Auto-detection: `ANTHROPIC_API_KEY` set → `anthropic`; otherwise
`OPENAI_API_KEY` or `OPENAI_BASE_URL` set → `openai`; neither → heuristic mode.
When using a non-Anthropic provider, pass model names your endpoint actually
serves via `--cheap-model` / `--capable-model`.

**OpenAI:**

```bash
export OPENAI_API_KEY=sk-...
anjalikastra https://example.com --cheap-model gpt-5-mini --capable-model gpt-5
```

**Ollama (local models, no API key needed):**

```bash
export OPENAI_BASE_URL=http://localhost:11434/v1
anjalikastra https://example.com --cheap-model llama3.2 --capable-model qwen2.5-coder:32b
```

**OpenRouter (one key, hundreds of models):**

```bash
export OPENAI_BASE_URL=https://openrouter.ai/api/v1
export OPENAI_API_KEY=sk-or-...
anjalikastra https://example.com \
  --cheap-model google/gemini-2.5-flash --capable-model anthropic/claude-sonnet-4.5
```

**Gemini (via Google's OpenAI-compatible endpoint):**

```bash
export OPENAI_BASE_URL=https://generativelanguage.googleapis.com/v1beta/openai/
export OPENAI_API_KEY=your-gemini-api-key
anjalikastra https://example.com --cheap-model gemini-2.5-flash --capable-model gemini-2.5-pro
```

Any other server that speaks the OpenAI Chat Completions protocol (vLLM,
LM Studio, LiteLLM proxy, Together, Groq, ...) works the same way: set
`OPENAI_BASE_URL` to its address and pass its model names.
`--dry-run` shows the resolved provider, base URL, and models before anything runs.

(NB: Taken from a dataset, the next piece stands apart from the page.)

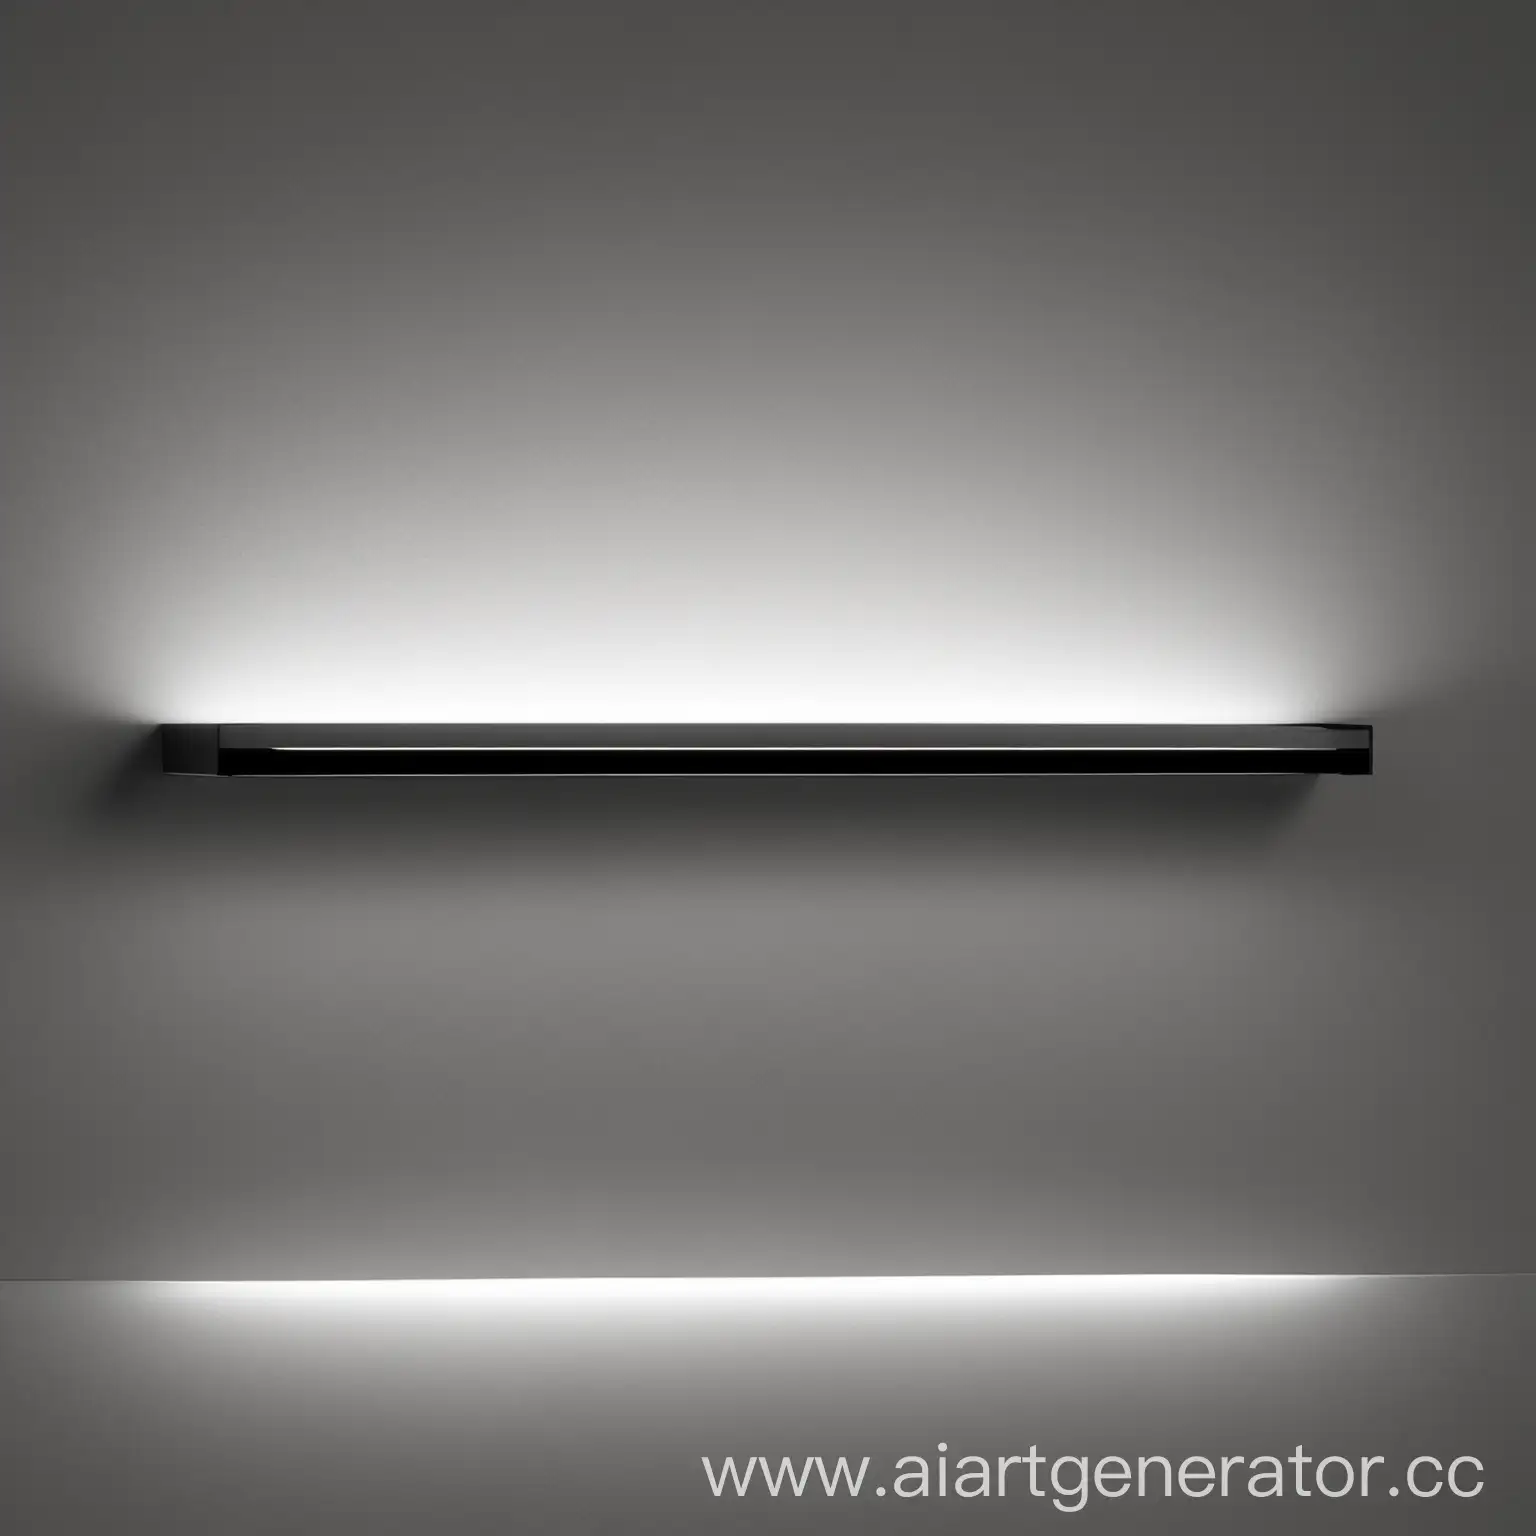 Elegant-Black-and-White-Shelf-Lighting-for-Engraving-Art

**No key at all?** The tool still runs end-to-end in heuristic/template-only
mode — classification falls back to URL/DOM heuristics and generation uses the
deterministic templates. The suite is smaller and less targeted but still valid
and runnable.

## Developing this tool

```bash
pip install -e ".[dev]"
pytest
```

`anjalikastra/` is the Python orchestrator; it emits TypeScript/Playwright as
output artifacts. See `anjalikastra/generation/review_gate.py` for the
minimal-code discipline applied to every generated test file before it ships.